King Gustaf V inaugurates the school building in 1908.

The schooling reforms of 1842 (folkskolestadga) led to a dramatic increase in the number of children eligible for schooling. The city also experienced very high population growth during the latter half of the 19th century. Because of this, Stockholm's schooling facilities could no longer accommodate the increasing number of students. To solve these issues it was proposed to establish new schools, one of which would be located in Kungsholmen.

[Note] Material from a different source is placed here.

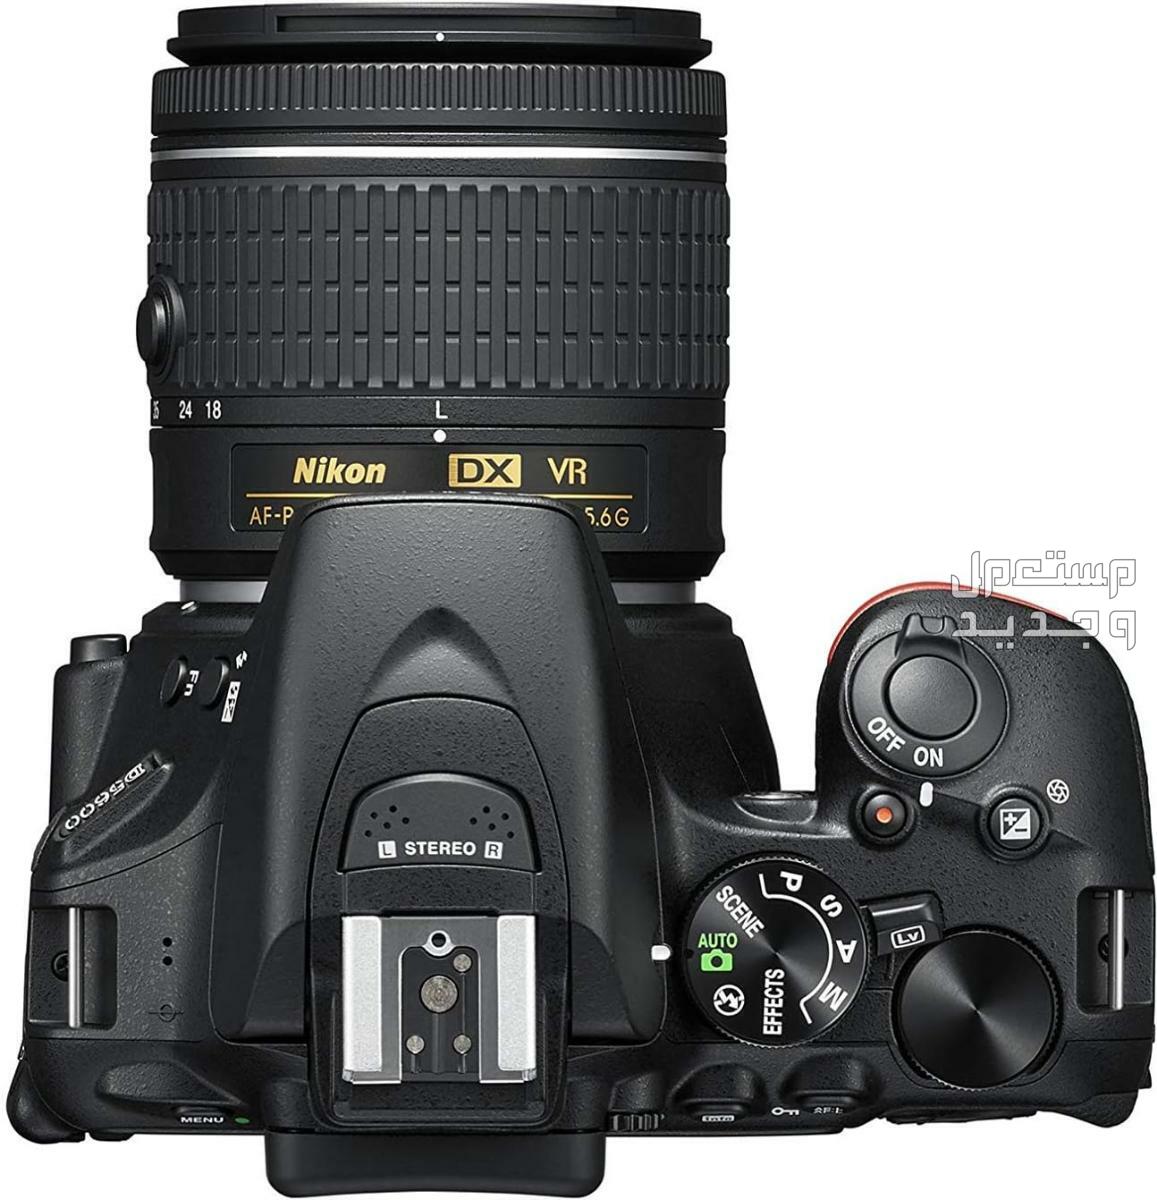 10 كاميرات تصوير ماركات عالمية بأسعار رخيصة مميزات كاميرا Nikon D5600

The school was established in 1902 (Note: A previous school in the area was established in 1672 as Ulrica Eleonora, and commonly referred to as Kungsholmens skola. It eventually changed its name to Kungsholms lägre elementarläroverk, ultimately closing down in 1868. Although this school is sometimes seen as a predecessor to Kungsholmens gymnasium, there are over three decades between the existence of these two schools.) as Kungsholmens Allmänna Läroverk (Kungsholmen's Grammar School), consisting of five grades. The school hired temporary accommodation on S:t Eriksgatan while a dedicated building was being designed and built. After further schooling reforms, it became a realskola (with an additional sixth grade) under the new name Kungsholmens realskola. The school moved into the newly constructed building on Hantverkargatan during the Autumn of 1907. It was not until 1 February 1908 that the building was formally inaugurated, in the presence of King Gustaf V and other members of the royal family. (Note: Other members of the royal family attending the inauguration were: Crown Prince Gustaf Adolf and his consort Princess Margaret, Prince Carl and his consort Princess Ingeborg, as well as Prince Eugen. In addition, the aula was filled with representatives from the Stockholm city council (stadsfullmäktige), scientists, and industrialists.) The school has remained in this building since.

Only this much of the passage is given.